I heard recently that scientists had successfully placed DNA from bioluminescent jellyfish into plants, thus causing the plants to glow in the dark. Now, apparently, they are trying the same thing with monkeys. Monkeys??? What use is a glowing monkey??

If we’re going to make something glow in the dark, we might as well make it useful. Our major cities have millions and millions of cockroaches. Why not put bioluminescent DNA in these? Glowing roaches would have a number of benefits.

First, it would be easier to smush them. Cockroaches, and their Southern counterpart, the giant palmetto bugs, prefer to run around in the dark, thus making it hard to stomp on them because they scurry under the refrigerator every time the lights come on. Glowing roaches would be much easier to kill. Just turn off the lights and go after anything that glows and scurries.

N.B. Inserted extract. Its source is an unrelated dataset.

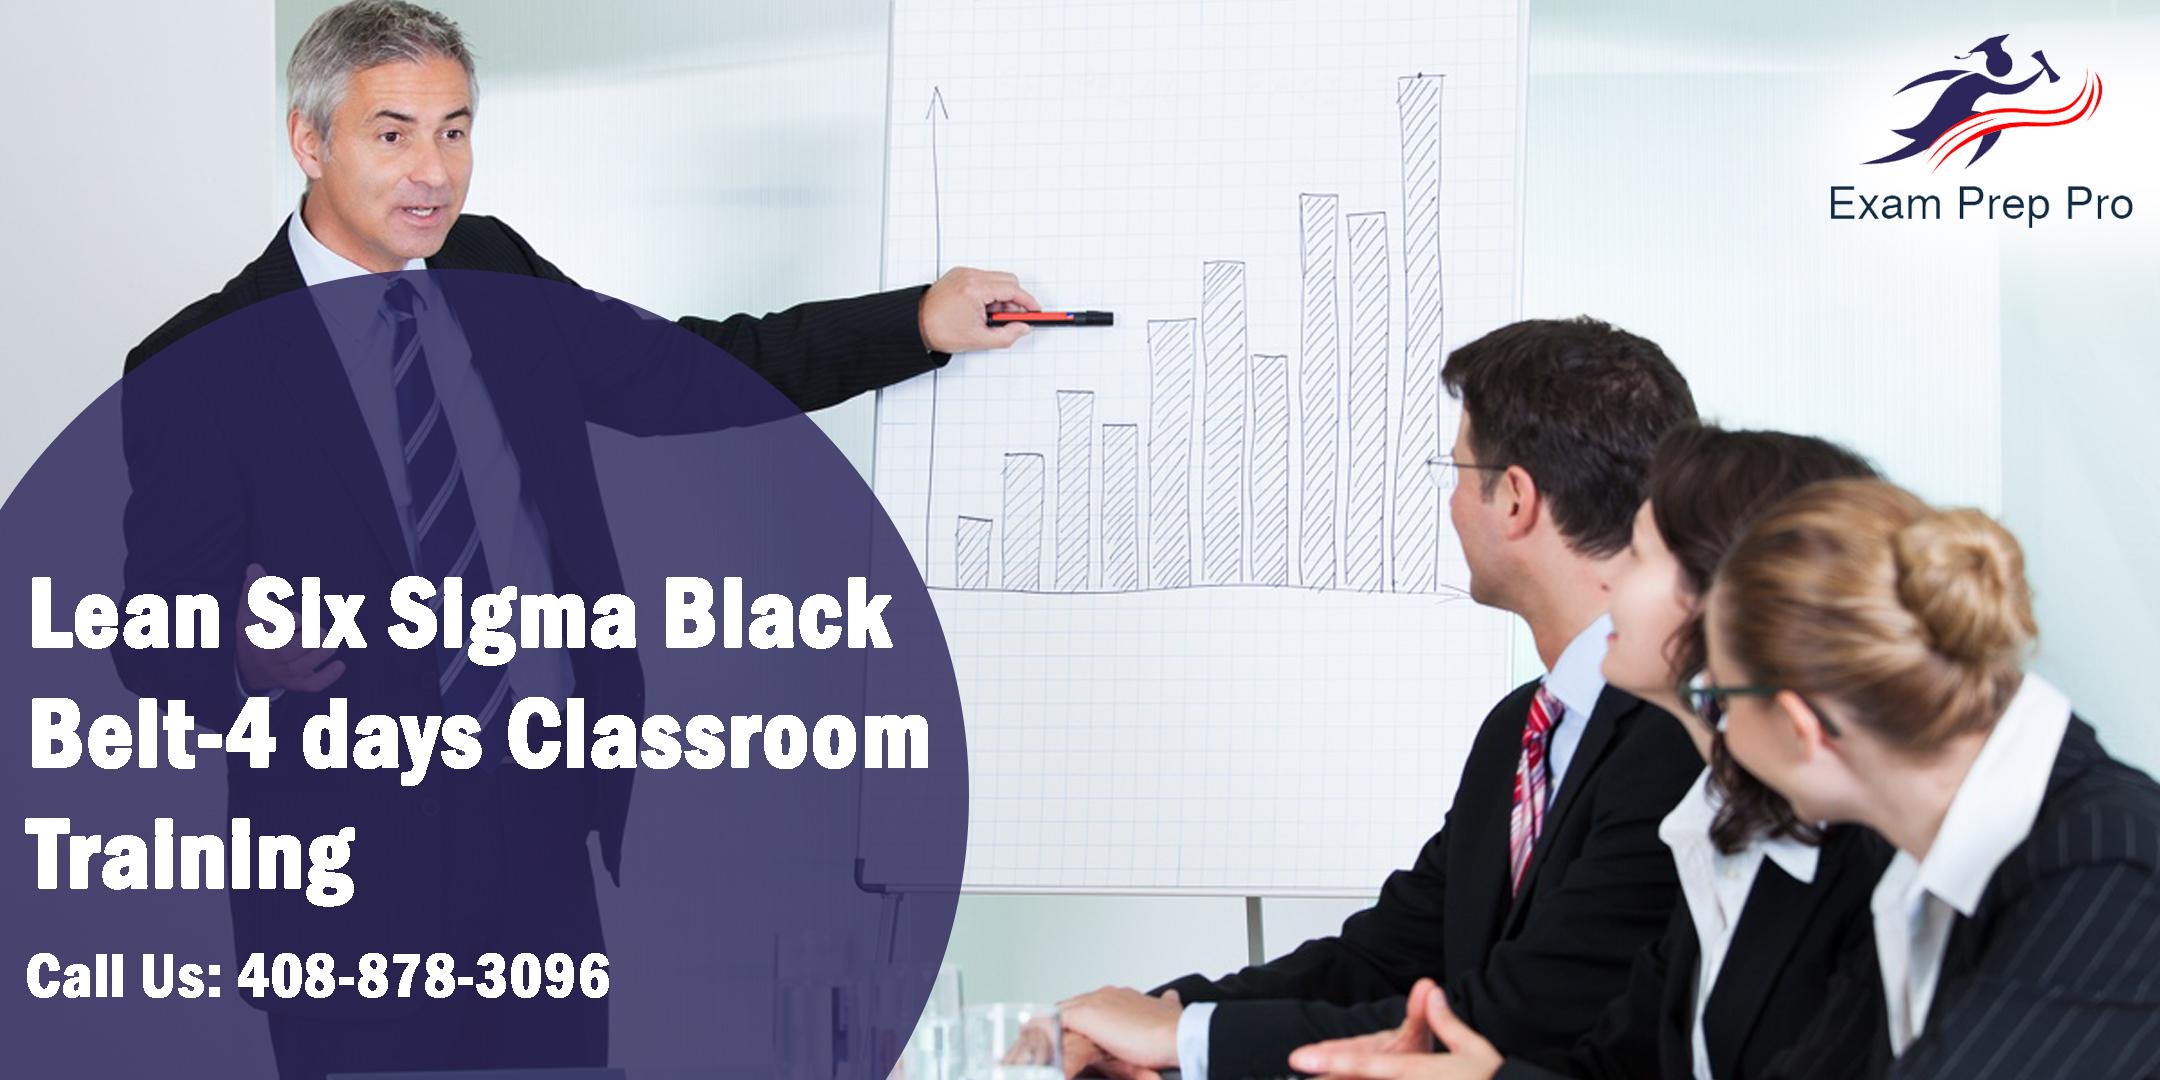 Lean Six Sigma Black Belt-4 days Classroom Training in Tampa, FL

Second, glowing cockroaches would eliminate the need for artificial lighting in all major cities and throughout the South (where the much large Palmetto bugs would be similarly genetically engineered to glow). The return on investment that could be realized from the savings in light fixtures, bulbs and electricity would be phenomenal. It’s been estimated that a major city contains enough cockroaches that, if they were to glow simultaneously, the lumens put out would equal the landing lights from a 747 jet.

Third, glowing cockroaches might actually be cute. Children could capture them on warm summer nights and put them in jars with holes in the lids. What fun!

The only thing I haven’t figured out yet is how one would turn the GloRoaches off at bedtime.